Der Krieg in der Ukraine geht jetzt in die fünfte Woche und wir lernen schmerzhaft in zwei Wahrheiten zu denken. Die eine Wahrheit ist die des Mitleids mit den Menschen in der Ukraine. Der wäre doch kein Mensch, den diese täglichen Bilder nicht erschüttern würden, Bilder von verzweifelten Frauen und vor Angst reglos gewordenen Kindern; von Alten, die sich in ein Schicksal ergeben, das sie bis in ihre letzte Lebensetappe verfolgt; und die Jungen mit ihrem lakonischen Überlebensmut. Man möchte sie in die Arme nehmen; und viele tun es ganz selbstverständlich. Und dann gibt es die andere, die bittere Wahrheit: nicht helfen zu können und mit zurückgebundenen Händen verfolgen zu müssen, wie ein tapferes Volk um sein Überleben ringt.

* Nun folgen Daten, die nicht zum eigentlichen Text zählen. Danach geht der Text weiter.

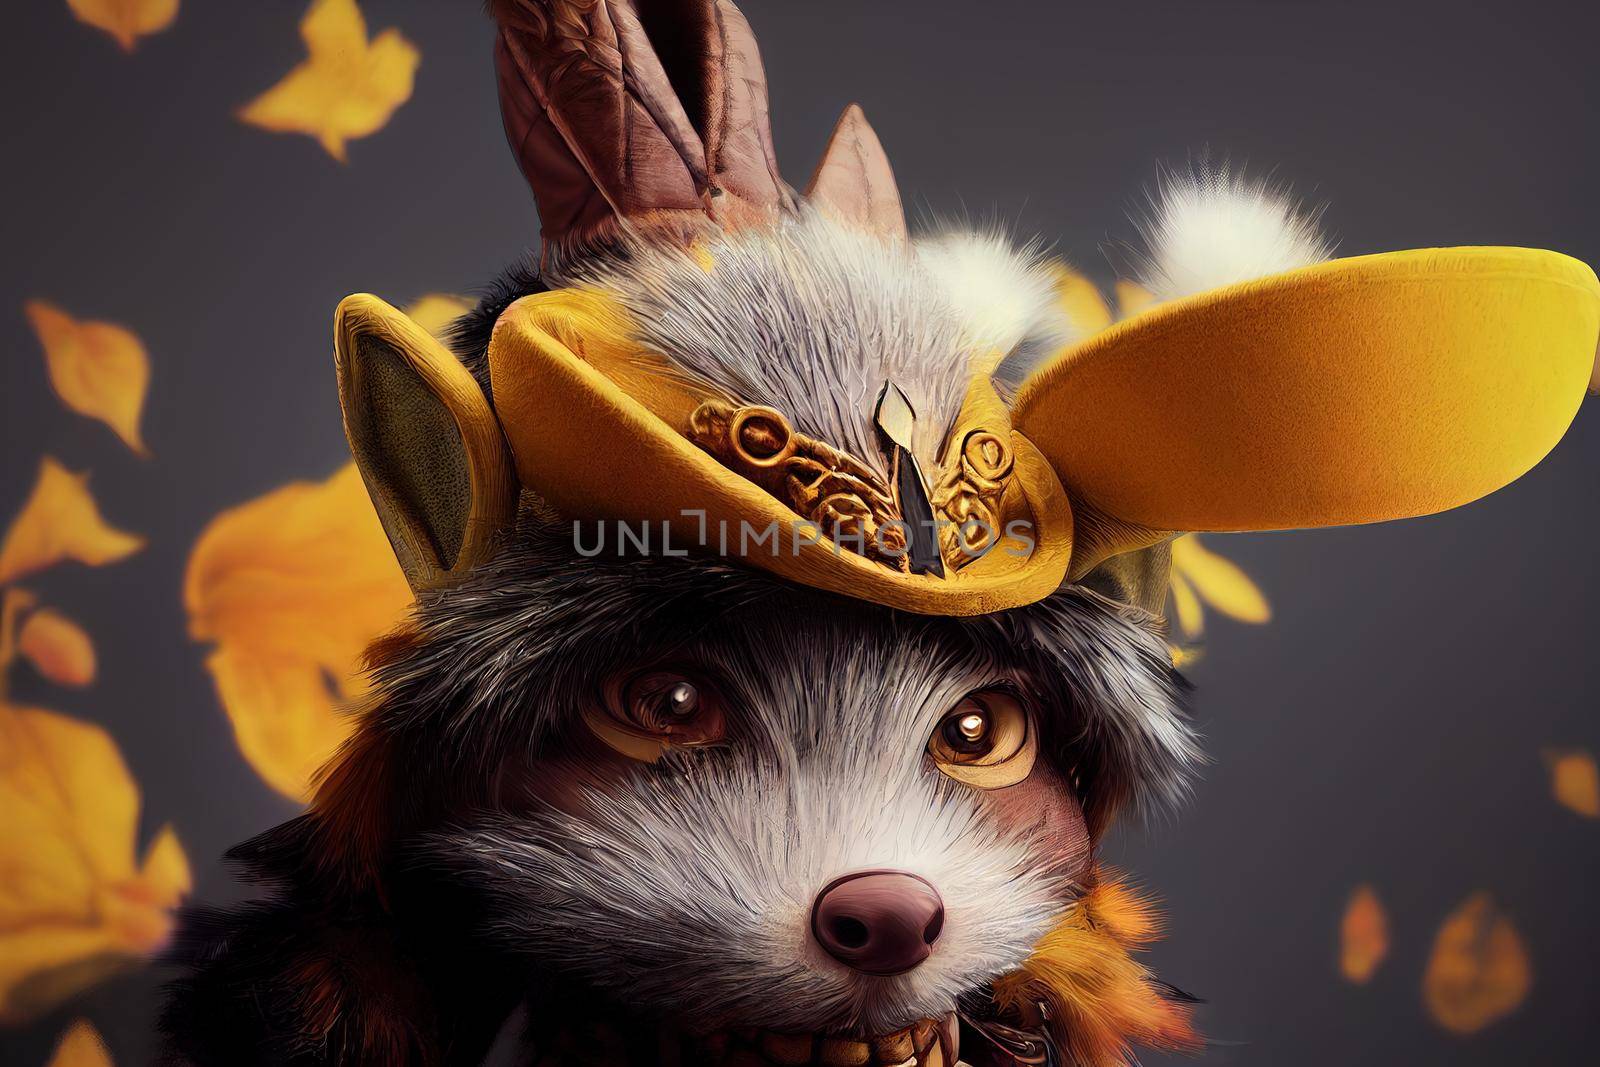 frame realistic animal with costume yordle character. High quality 3d illustration

Auch die Schlaumeier haben in den letzten Tagen wieder zu ihrer Sprache gefunden; reden über Waffensysteme und Eskalationsszenarien, als ob es nichts Selbstverständlicheres gäbe. Und im Deutschen Bundestag verteidigen die Grünen den neuen Rüstungsetat. Wir leben in einem Moment, in dem nichts mehr so ist, wie es war und alles möglich erscheint. Zeitenwenden seien »komplexer als es auf den ersten Blick erscheint«, hat der Münchner Osteuropahistoriker Martin Schulze Wessel kürzlich bemerkt, was eine Binsenweisheit ist und doch wieder nicht. Aber wollen wir die Erläuterungen wirklich alle hören, wann den einen die Munition ausgeht und den anderen das Benzin?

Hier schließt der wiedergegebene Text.